I'm feeling very sorry for myself so I apologies for the self indulgent moan coming up.

Still no period after having the coil removed - 60 days now. I phoned Leicester again last week as I knew the lovely nurse that I'd initially see there was back off of holiday. She was lovely again and said she would speak with the consultant and get back to me but I've heard nothing, I'll call again first thing tomorrow. I've had two sessions of acupuncture - to no avail - I have a third booked for this week but I think I'll probably cancel.

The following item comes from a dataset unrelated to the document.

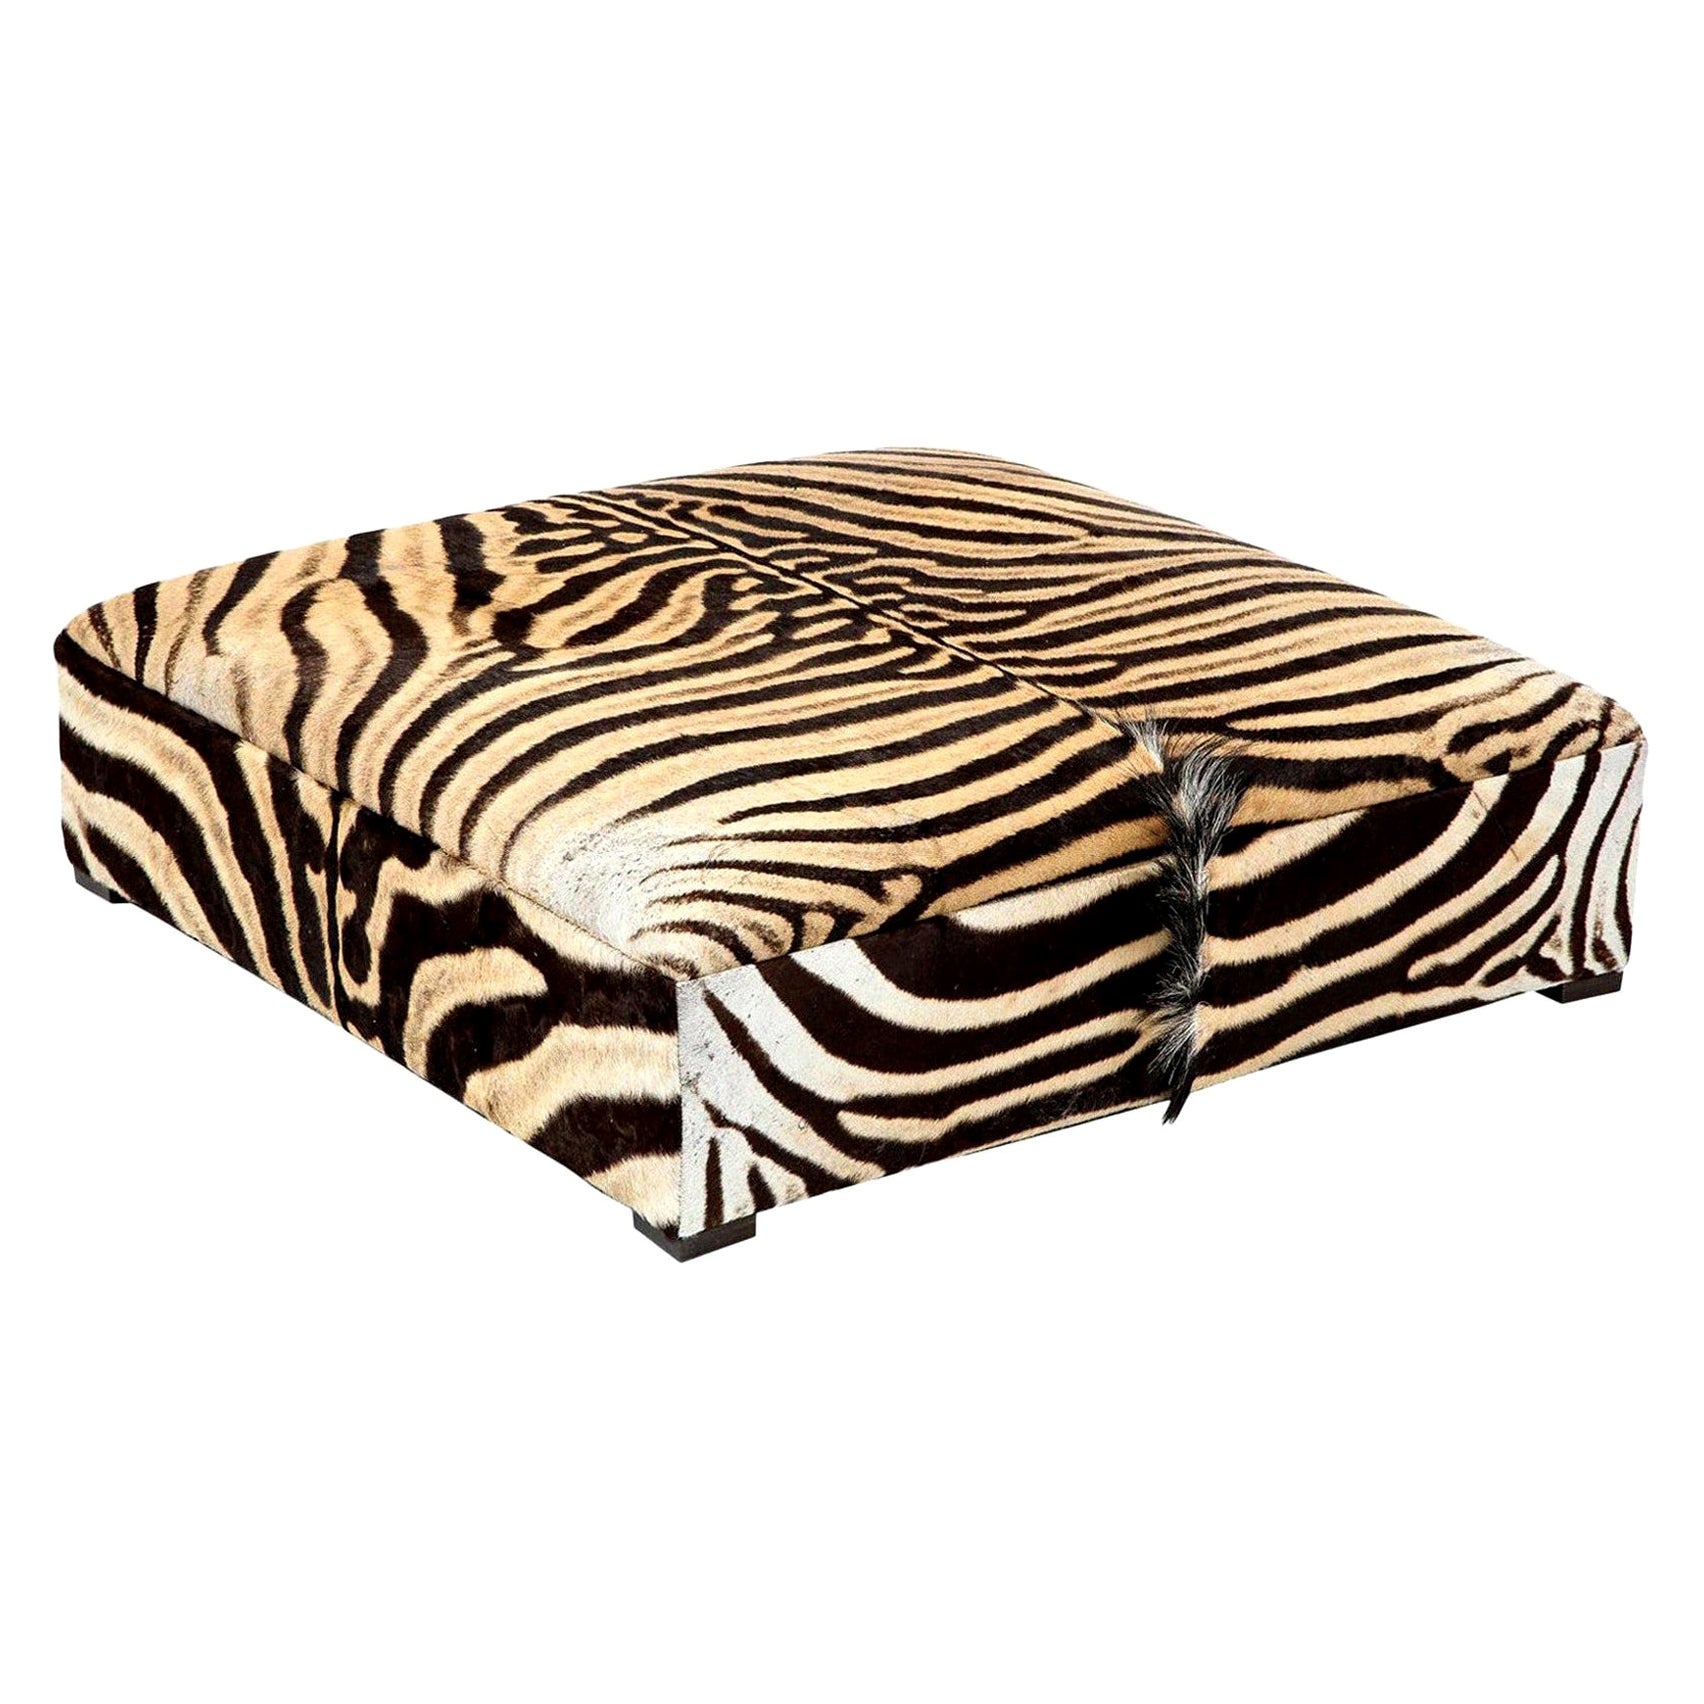 Zebra Ottoman / Coffee Table, Large Square, Two Zebra hides, Custom Made In USA For Sale

One thing that's really concerning me is my temperature. I've been charting for a couple of months (although not religiously) and it would seem my average temp (taken first thing) is about 35.5 and has been as low as 35.1. It has occasionally go up to the high 35's even to 36.1 but there's not enough of a pattern emerging to establish if this is due to ovulation. I have, of course, been using Mr Google to scare myself silly and feel thoroughly pants about the whole thing. There seems to be a strong link with thyroid function, low BBT and infertility. I have a history of thyroid probs - overactive (Graves Disease) rather than underactive  - which have been under control for many years (currently on no medication and my thyroid is intact). I still have regular blood tests which come back within normal range but I do have many of the symptoms of an underactive thyroid. 

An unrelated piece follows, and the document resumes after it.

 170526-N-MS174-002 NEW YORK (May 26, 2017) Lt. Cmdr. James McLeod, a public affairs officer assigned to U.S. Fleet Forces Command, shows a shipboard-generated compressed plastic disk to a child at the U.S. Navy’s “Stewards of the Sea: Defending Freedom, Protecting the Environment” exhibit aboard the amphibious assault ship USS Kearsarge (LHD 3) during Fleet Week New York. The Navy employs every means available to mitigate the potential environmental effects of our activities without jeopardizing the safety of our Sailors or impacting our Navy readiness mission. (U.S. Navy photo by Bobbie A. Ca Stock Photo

Does anyone have any suggestions as to what tests I can ask the clinic to carry out? I know I'm at the start of all this and the lack of a period could just be due to my body sorting itself out after 8 years with a Mirena but if there are problems I would far rather find out sooner than later. I'm also concerned with the possibility of immune problems bearing in mind my history of Graves Disease and Endometriosis.

I'm going to post this on the Ask a Nurse section would love some input from the wealth of experience on here.

E x


----------



## dottiep

Hi Esperanza - have you had T4, TSH & Thyroid Antibodies tested?

Dx


----------



## Elpida

Hi Dottie 

My T4 and TSH are all within normal range and have been for year - I get them tested every 3 months and go to the thyroid clinic once a year (next appointment not until next July) and have my next blood test next week. I've not had my antibodies tested since I was first diagnosed as the thyroid clinic prefer to treat based on the above levels. It's one I could ask my GP for I suppose - if I'm positive for them does that have implications for fertility do you know? The Graves Disease was treated with Carbimazole which (as far as I understand it) tackles the antibodies as well as lowering T4.

E


----------



## dottiep

Esperanza

My T4 and TSH were all within normal levels too but I tested positive for high thryroid anitbodies.  In answer to your question, yes this can have a huge impact on fertility and therefore success rates of IVF. From what I understand (from Google research, research on here & my consult with Dr ******* on Harley St Miscarriage Clinic) the antibodies themselves aren;t the problem - theissue is that they can often be a marker for other immune issues, most notably high nk cells. I therefore had the nk cell activity test done which luckily came back normal.  Dr ******* recommended steroids for me anyway.
Let me know if you want any more info.

Dx


----------



## Elpida

Thanks Patterdale - the GP have said to wait 4 months! Not helpful at all,  but I had a call from the lovely nurse at Leicester today and they're sending me a px for Norethisterone which should kick start things a bit. Also the Law of Sod should help things along as I have a trip to Berlin next week for a conference.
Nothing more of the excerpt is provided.